◆ **Exercise inputs**
----------
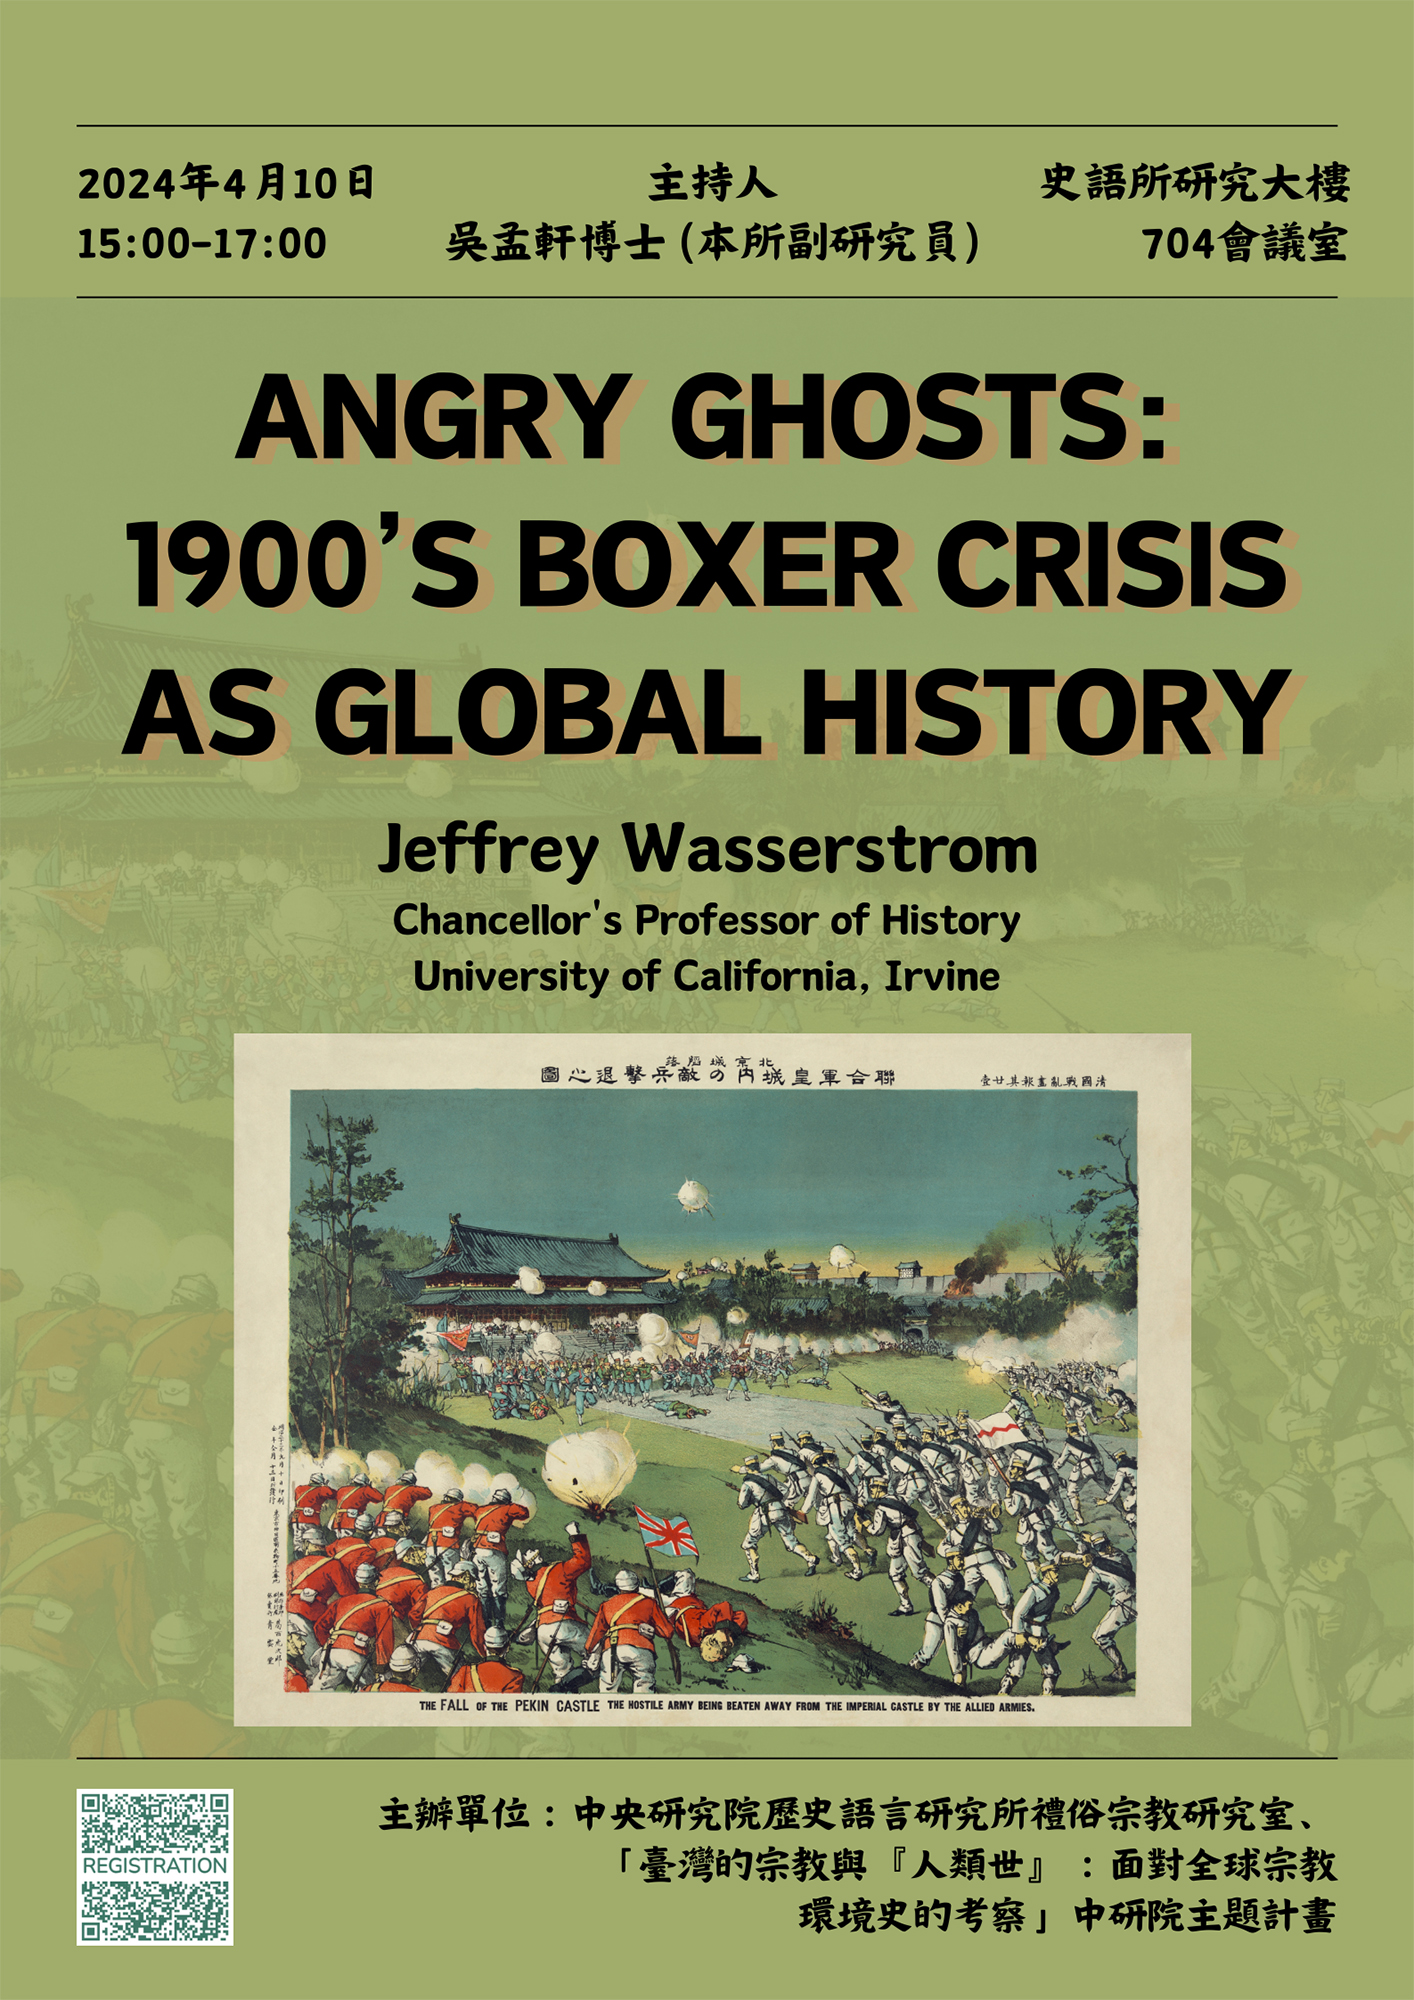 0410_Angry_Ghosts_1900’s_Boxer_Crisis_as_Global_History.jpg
----------
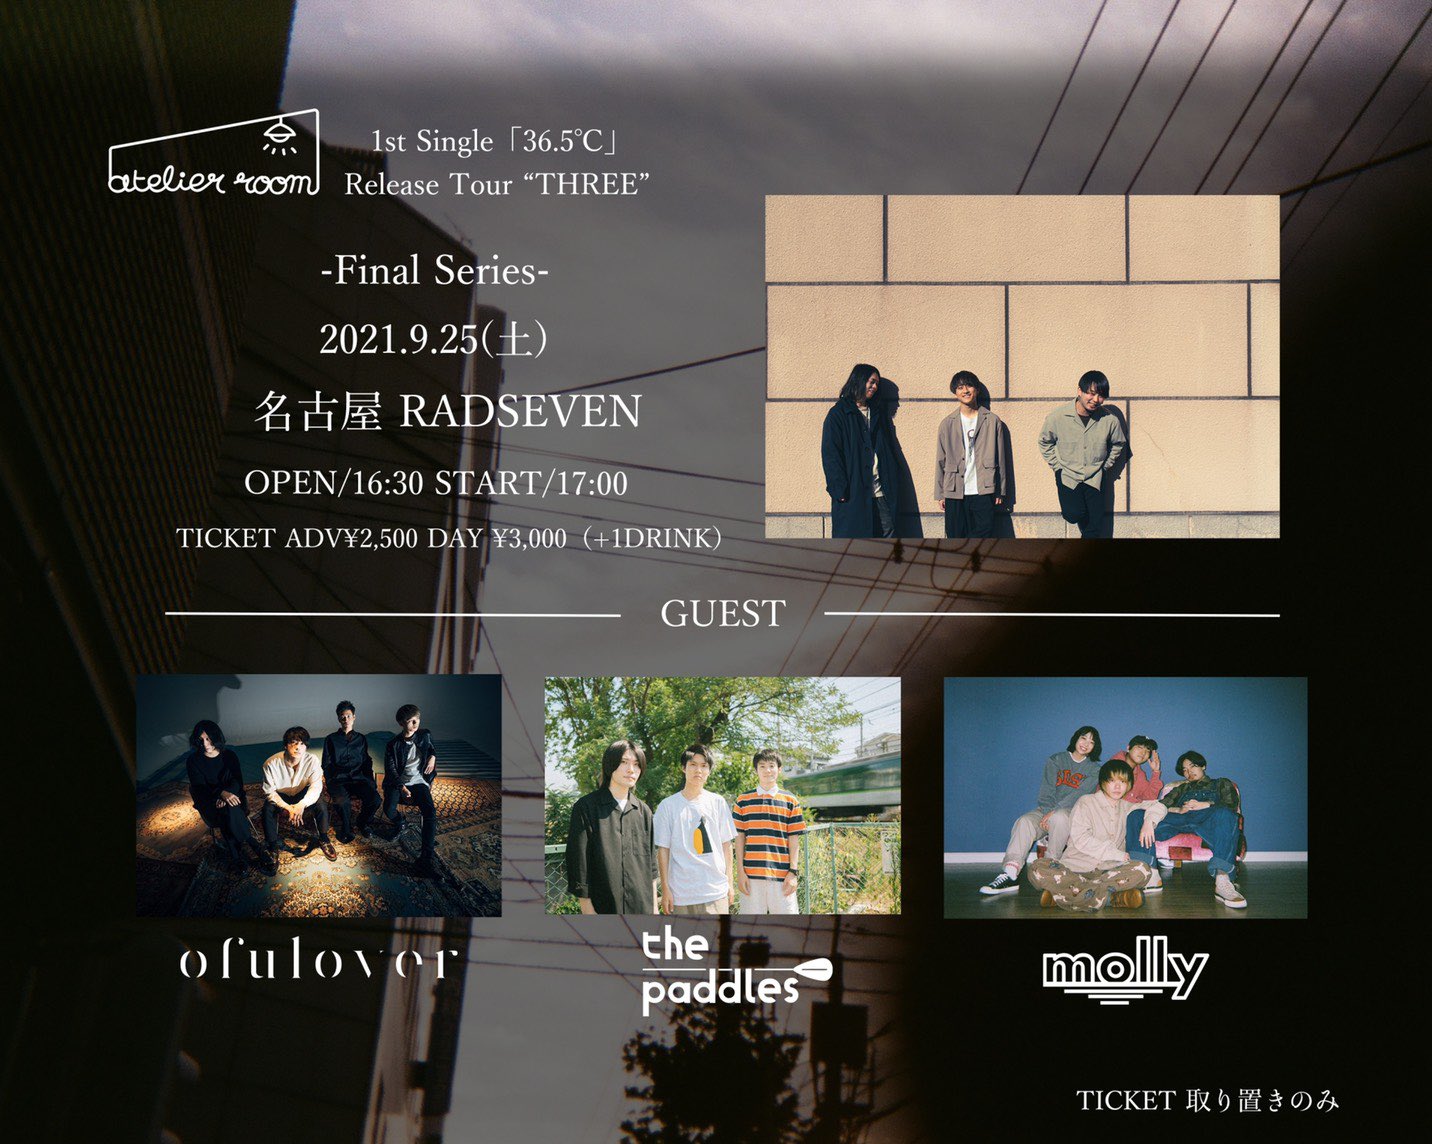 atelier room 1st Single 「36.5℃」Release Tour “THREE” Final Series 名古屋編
----------
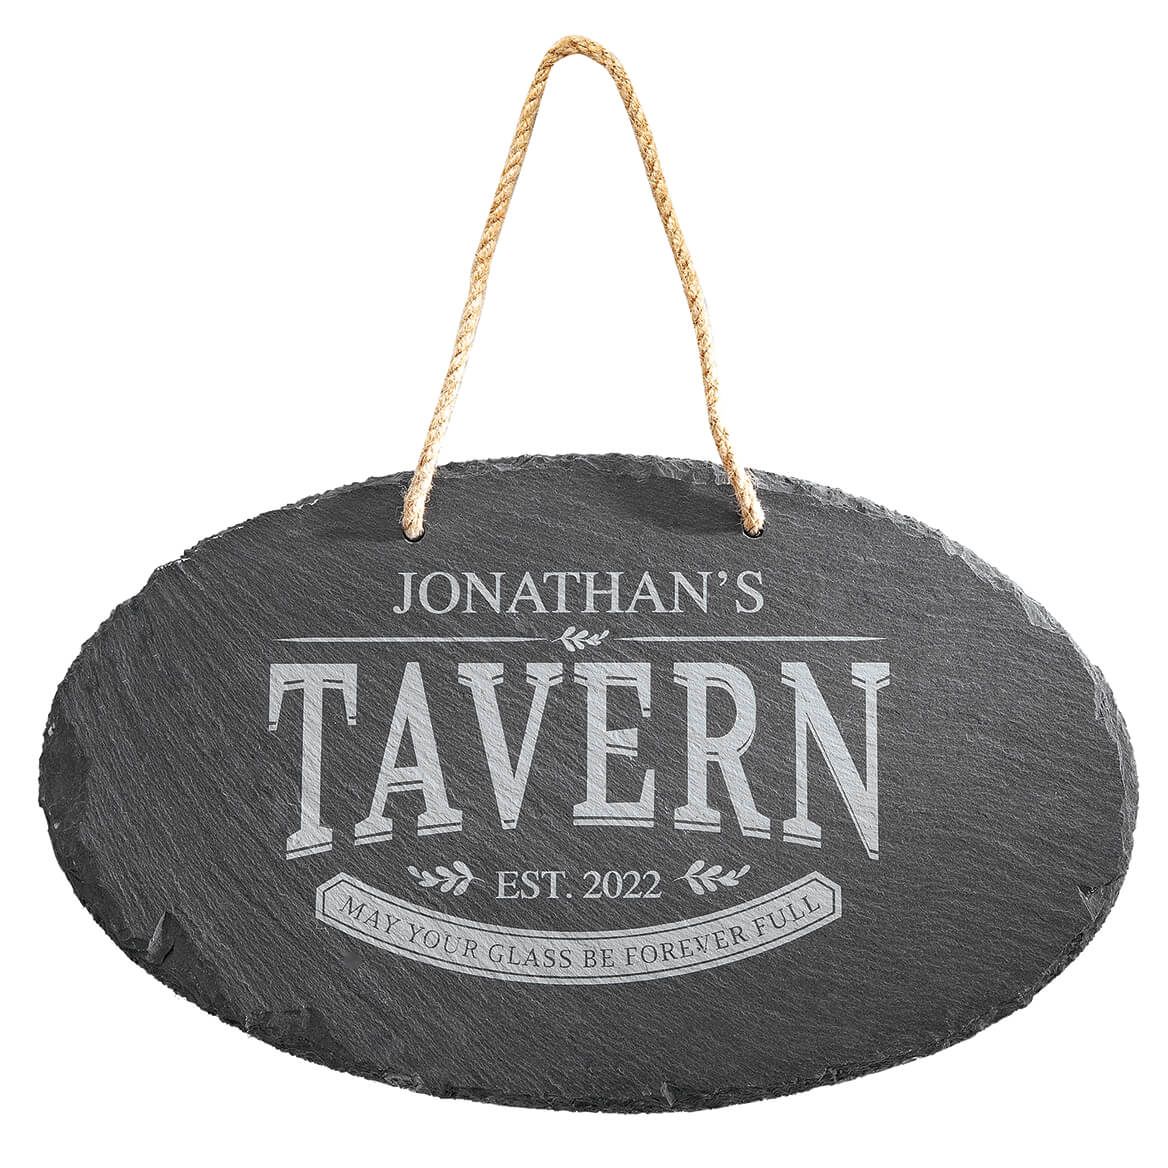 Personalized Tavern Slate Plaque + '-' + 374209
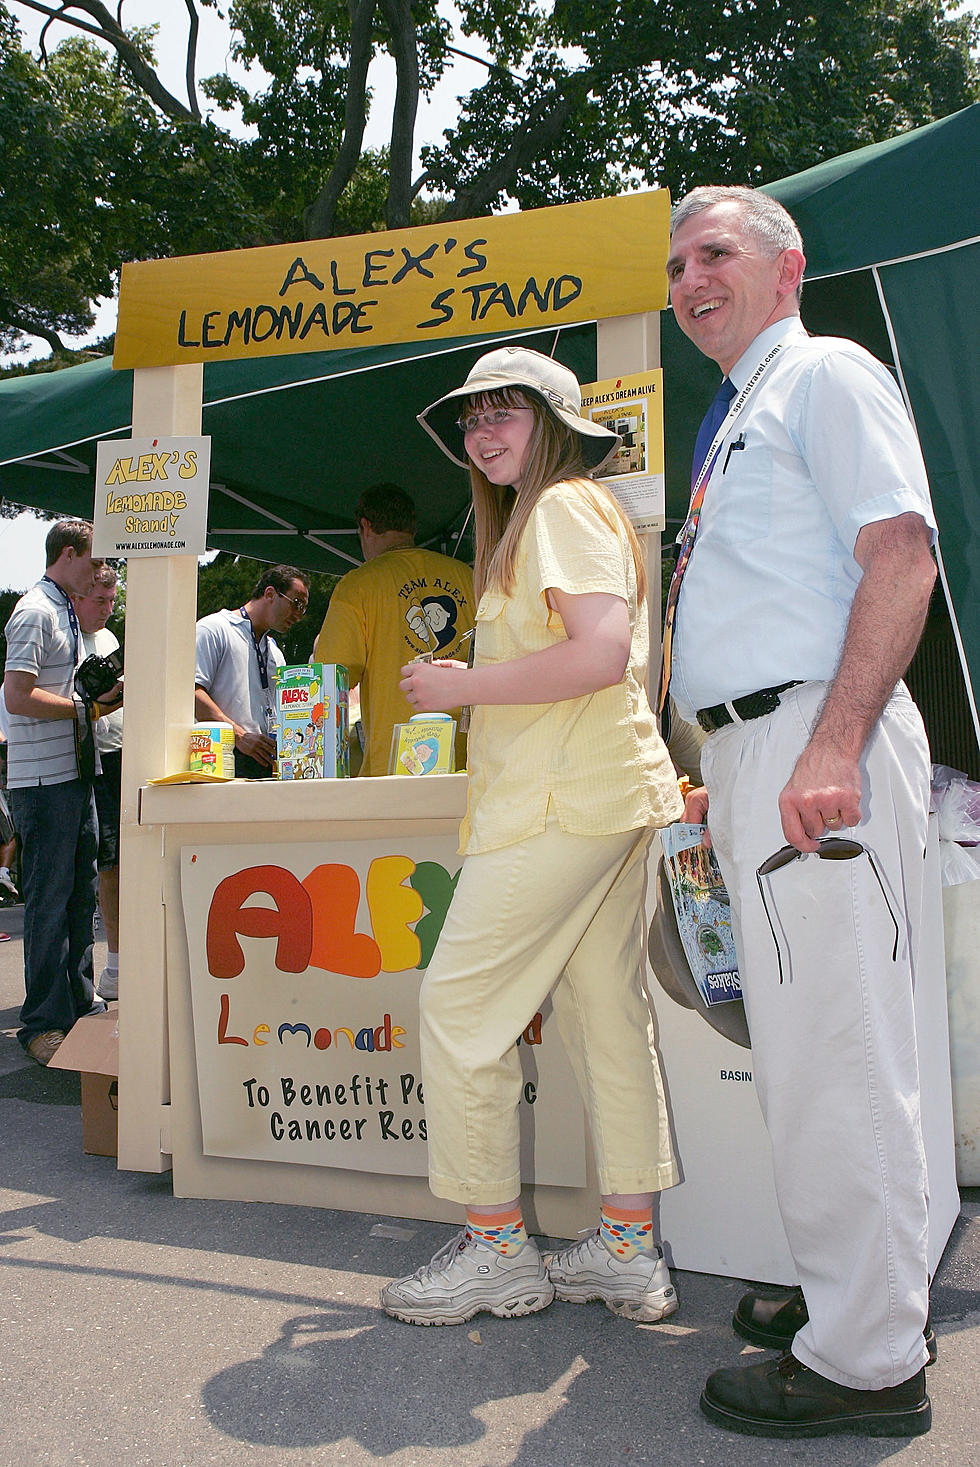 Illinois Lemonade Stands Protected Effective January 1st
----------
◆ **Task**
The answer must be the part of the records that opens with the line containing "Personalized Tavern Slate" and closes with the line containing "Illinois Lemonade Stands", reproduced exactly, with no pictures.

◆ **Answer**
 Personalized Tavern Slate Plaque + '-' + 374209
 Illinois Lemonade Stands Protected Effective January 1st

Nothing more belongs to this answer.